Phillip Jensen used the SBS show, which recounted the disaster of September 11 to condemn atheists. He said that those who had gone through that terrible disaster learnt sobering lessons, like evaluating life and priorities. Jensen goes onto say that ...For many atheists, the problem of suffering, especially unjust suffering, is the greatest argument against the existence of God...
Herein lies the problem for the atheist. For without the Biblical God there is no basis for complaint that things are unjust or evil... In this atheistic framework, the ‘evil’ of the terrorists whose hatred led them to die killing strangers was no different to the ‘good’ of the firemen whose love led them to die trying to save strangers; “there is…no evil, no good, nothing but pitiless indifference.”

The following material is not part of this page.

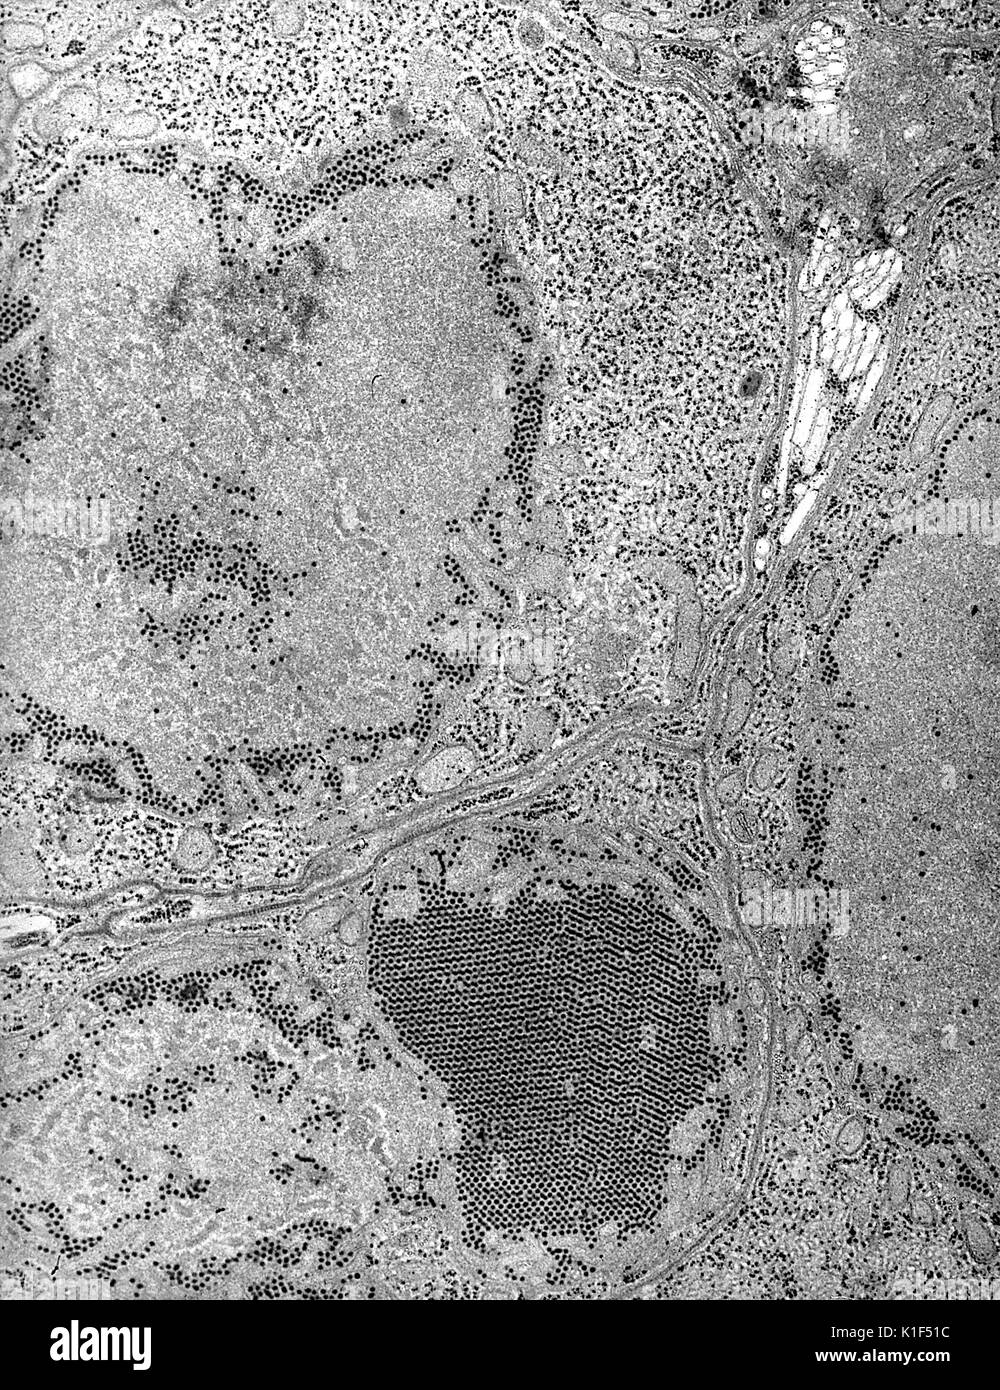 Electron micrograph of the St. Louis Encephalitis (SLE) virus. St. Louis Encephalitis (SLE) virus seen in a mosquito salivary gland, is normally transmitted to humans though the bite of a Culex mosquito. Image courtesy CDC/Dr. Fred Murphy, Sylvia Whitfield, 1975. Stock Photo

Phillip continues... In contrast, the Christian can name evil for what it is and be appalled that in God’s world there should be such suffering and pain. The Christian mind can wrestle with the moral order of the universe that is so awry as to see thousands of ‘innocent’ people die in a few moments of dreadful agony. For us, it is not simply a matter of the random chance of a pitiless, impersonal universe and the survival of the fittest. It is not surprising then that we find atheists, not in the troubled and painful life of poverty and difficulty, but in the wealthy societies of pleasure seeking ease. This is just as Jesus predicted: “It is easier for a camel to go through the eye of a needle than for a rich person to enter the kingdom of God” (Mark 10:17).
So is Phillip saying that all the victims, relatives of victims and rescue workers who were atheists couldn't tell the difference between good and bad, humane and inhumane, peace and terrorism, and all because they did not believe in a fundamentalist God that declares people good or evil? Next he'll be saying atheists flew the planes into the Twin Towers or planted bombs in the buildings, whilst sipping a latte in an upmarket Bellevue Hill cafe.
Rowan Williams was in New York at the time of the tragedy, and he shows why he is the head of the Anglican Church and not Phillip Jensen, eventhough Phillip and his colleagues would like to steal it!